Here is the thing about wire gauge, it is about controlling voltage drop. And why it really doesn't matter so much on an alternator.
Lets say you have a 100A alternator with a 14.7V setpoint. You fire up the rig that you have been listening to the radio for a few hours and it is run down to 12.0V. That alternator will be at full output to bring the battery up. Lets say you have a half volt voltage drop at that 100A load. What's really happening? The wire is acting like a resistor. Half volt at 100A is 50 watts of energy being lost. It goes to heat. About what an upgraded highbeam headlight puts out. That amount of heat is spread out across the whole wire, radiated off the surface, conducted through the attachment points.
As the battery is charged the amperage output drops off. While this happens so does the voltage drop. Lets say you take 40A to drive, this is about what EFI with wipers, headlights, and old school A/C will draw. I checked it once. That 40A load will reduce the voltage drop to about 0.2V. Now the lost power, and heat dissipation is down to about 8 watts.

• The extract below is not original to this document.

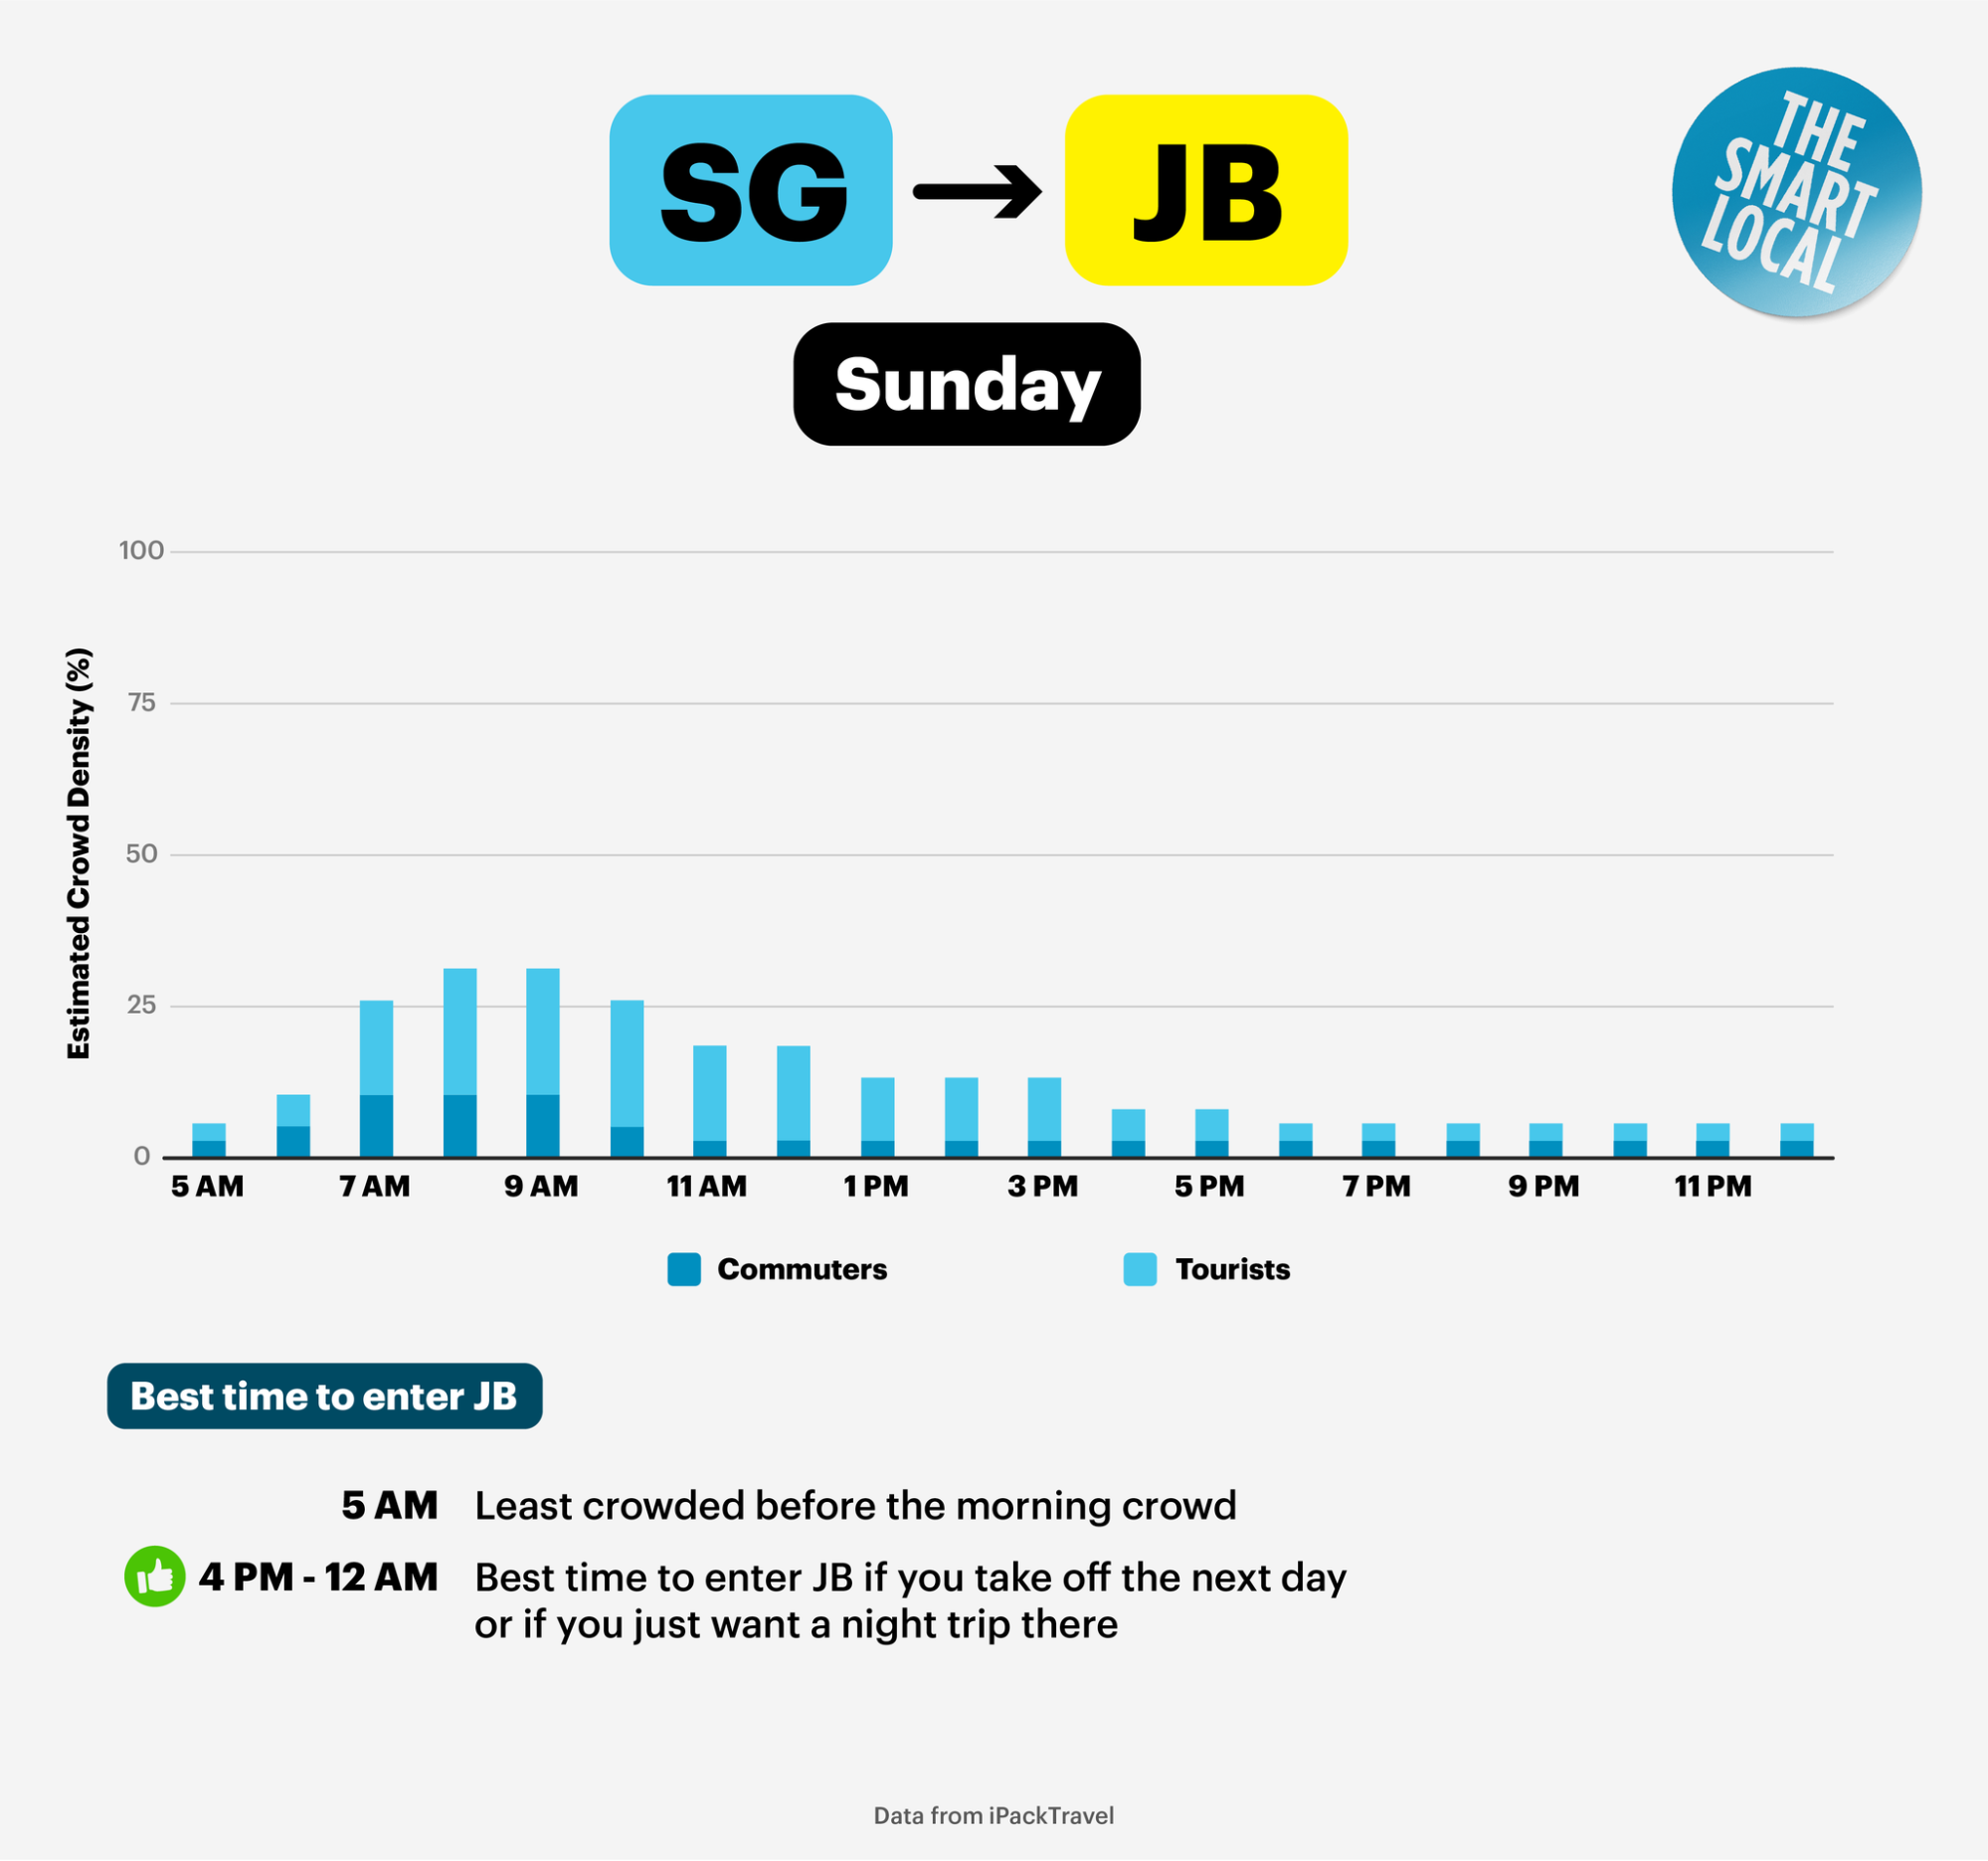 SG to JB traffic on Sundays

That is the math behind why a wire does what it does and why it needs to be sized. If you can't handle the heat dissipation, either the amperage needs to drop or the wire gauge needs increase. But it isn't a magic it works or it doesn't size for everything.
Go back to original starter motors that can draw 300-400 amps of current, on a dainty little 6-gauge wire or so. It's easy to get a full volt drop in that wire. There is 300-400 watts of heat that wire must handle. But it is only handling it for a few seconds. The starter upgrade of going to 4-gauge or even 2-gauge wire was to cut the voltage drop to the starter. Not really the added amperage capacity, but the reduced voltage drop. More voltage to the starter, it spins faster. If you look at many aftermarket starter motors you will see them rated in kw. FYI, 0.746 kw = 1 HP so you can also do this with starters that have a HP rating with a little conversion). If you drop 200 watts of heat dissipation, that is 200 watts more for the starter (0.2kw).
Amperage through a circuit doesn't change regardless of the length of the wire. Very large buildings with a central HVAC system will often have thermostats that measure temperature and will output in mA current. The length of the wire, less than perfect splices in the wire, etc. won't matter. Amperage through a circuit doesn't change regardless of voltage drop.
To that there is still a case where wire can be too small for a charge circuit. The stock 10 gauge charge wire, inside a harness, with a splice at the ampmeter. Try running 130A through that and you will have a lot of heat. Being inside a bundled harness the heat can't escape. That is where you melt a wiring harness. Drop 2V, you have 260 watts of heating element and no place to let that heat out.
If you are running a charge wire from the alternator straight to the battery, 90A and 8 gauge is probably fine if left out in the open to stay cool. Want to bundle that into a harness, not let heat escape, you are going to have to go larger. Heat managment, don't let the wire generate as much heat with you have it in a bundle that can't get rid of heat. Running a lot of high amp sustained loads, where the alternator won't be backing off to a lower output level, go a little larger again. How far to go? I want to say an OEM 200A alternator with the charge wire in a harness, as bad as it gets, is about a 2 gauge wire. There is no reason a 90 or even 130A load will need 2-gauge. That is "I don't understand wiring, go bigger, and bigger, and someone else told me that it should be bigger" internet wire sizing. No engineering went into it. Go to a worst case possible generic wire size chart.
OK, enough rant. What is the OEM wire size for that size alternator? Probably don't need 5 sizes larger.